I’m trying to find an integrated language that can pull all these different threads together in a way that is real, fits with life and actually means something. The local and the global. The people and the politics. The theory, the practice, the real lives, the institutions, the powers that be and the back-to-front kingdom of now and not yet.

It was with all this in mind that I met up with another coursemate who wanted to come along to church with me and who, as it turns out, is also trying to get her head around this stuff. We arrived to a typical St Francis morning with its random local quirkiness of wide-ranging personalities, children running awol, and its diverse social and ethnic community of people just working out what  it looks like to follow Jesus in a grounded, faith-filled kind of way.

With it being Micah’s baptism, and with Joel Edwards speaking, it was little surprise that we looked at these verses:

He has shown all you people what is good. And what does the Lord require of you? To act justly and to love mercy and to walk humbly with your God.

Why does God have to ram this point home, he asked, as it’s not like he hadn’t said it before? But we just forget. We forget justice, mercy (which he helpfully described as ‘non-naive generosity’) and humility. We need to be reminded of these things. In a same way, I suppose, that our Thanksgiving meal the night before had encouraged us to stop, take stock, and be thankful.

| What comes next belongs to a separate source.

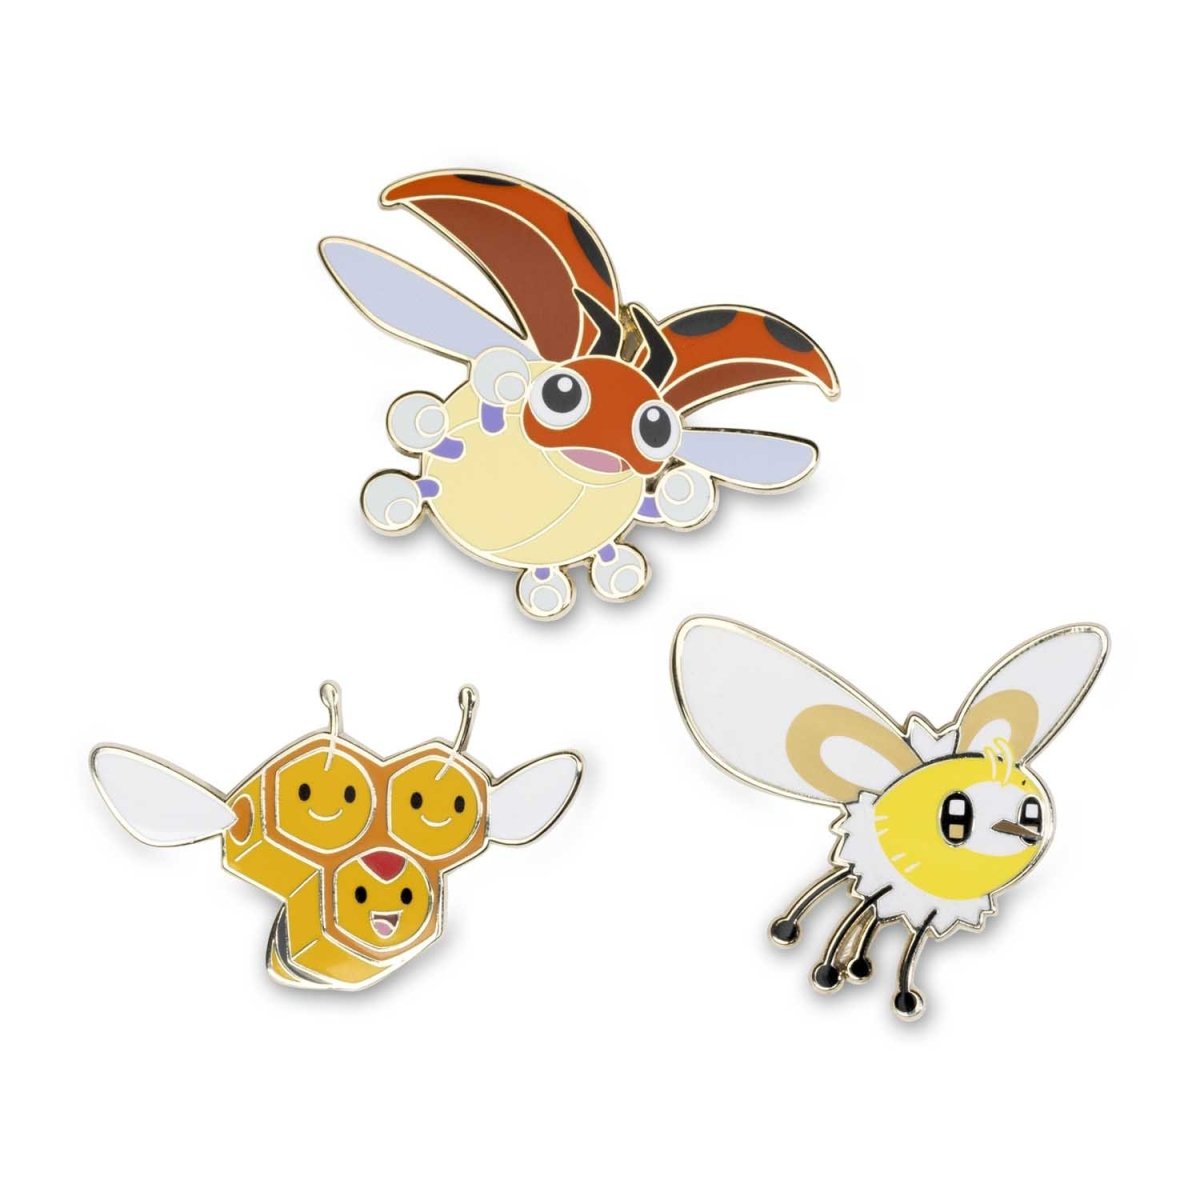 Ledyba, Combee & Cutiefly Pokémon Pins (3-Pack)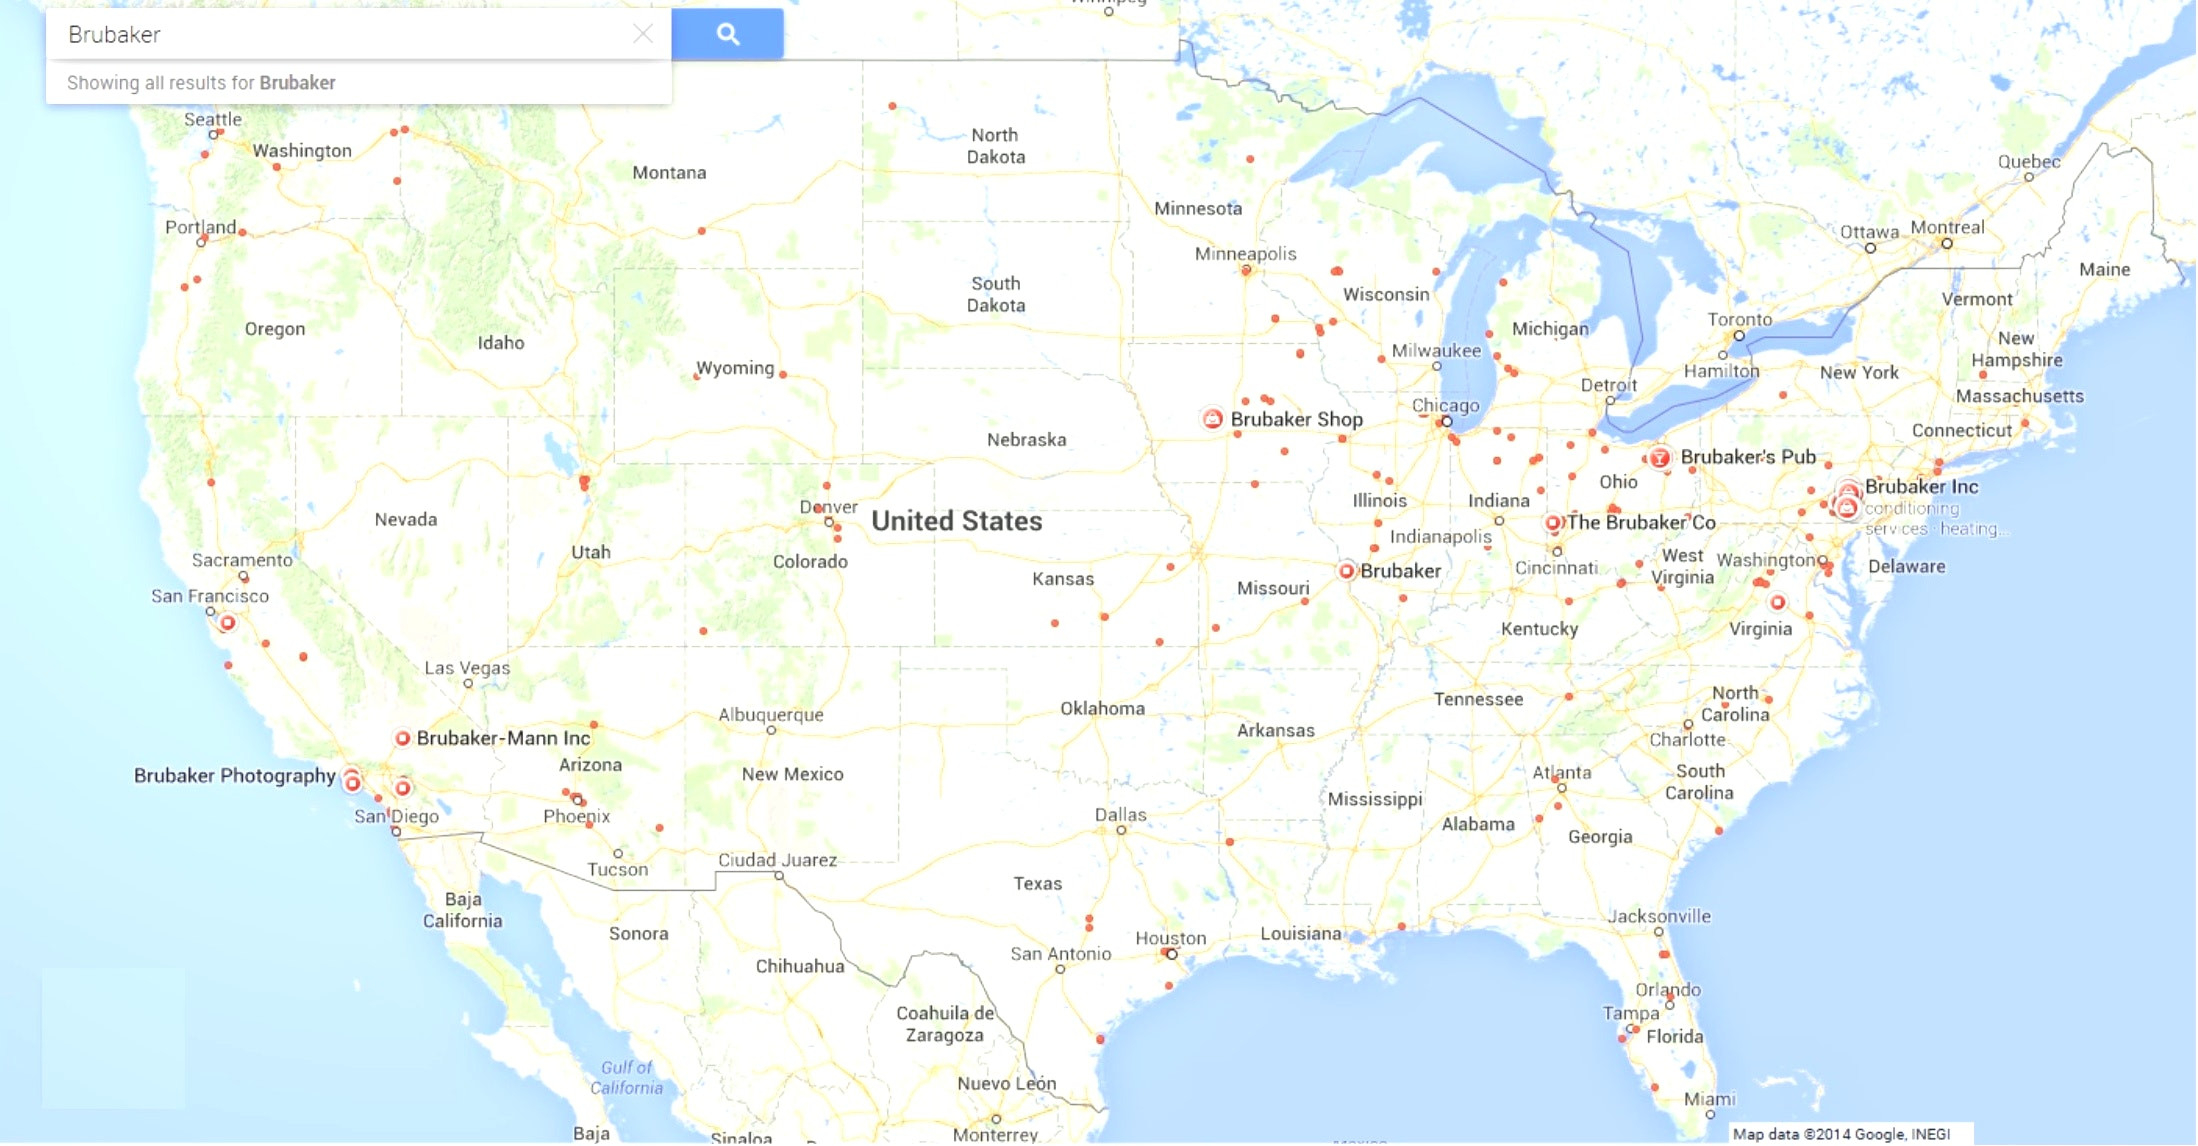 Charming California Google Maps Fresh Maps Usa Midwest - Ettcarworld - Charming California Google Maps

The deep simplicity of it was a well-timed reminder. I found myself reflecting on the stress of my essay-writing: I realised that I probably understand more than I think I do but that for self-glorifying reasons I expect I am striving a bit too hard to write the best essay possible. I am trying to prove myself. But the sermon was a reminder of what God is like and what he calls us to – not to prove ourselves to him but in response to the mercy that he has shown us. It was a reminder of why I’m doing this masters in the first place, and an encouragement that it is compatible with my faith and that integration of all the strands is possible.  (Some helpful resources here on the Micah Challenge website that will be worth revisiting.)

Tucking into rice and peas afterwards as I chatted with my coursemate and enjoyed getting to know her a bit better, I looked around the buzzing building and must confess to a bit of a warm fuzzy feeling that comes from being surrounded by people whose genuine concern for each other makes the messiness of it all just a little bit more beautiful.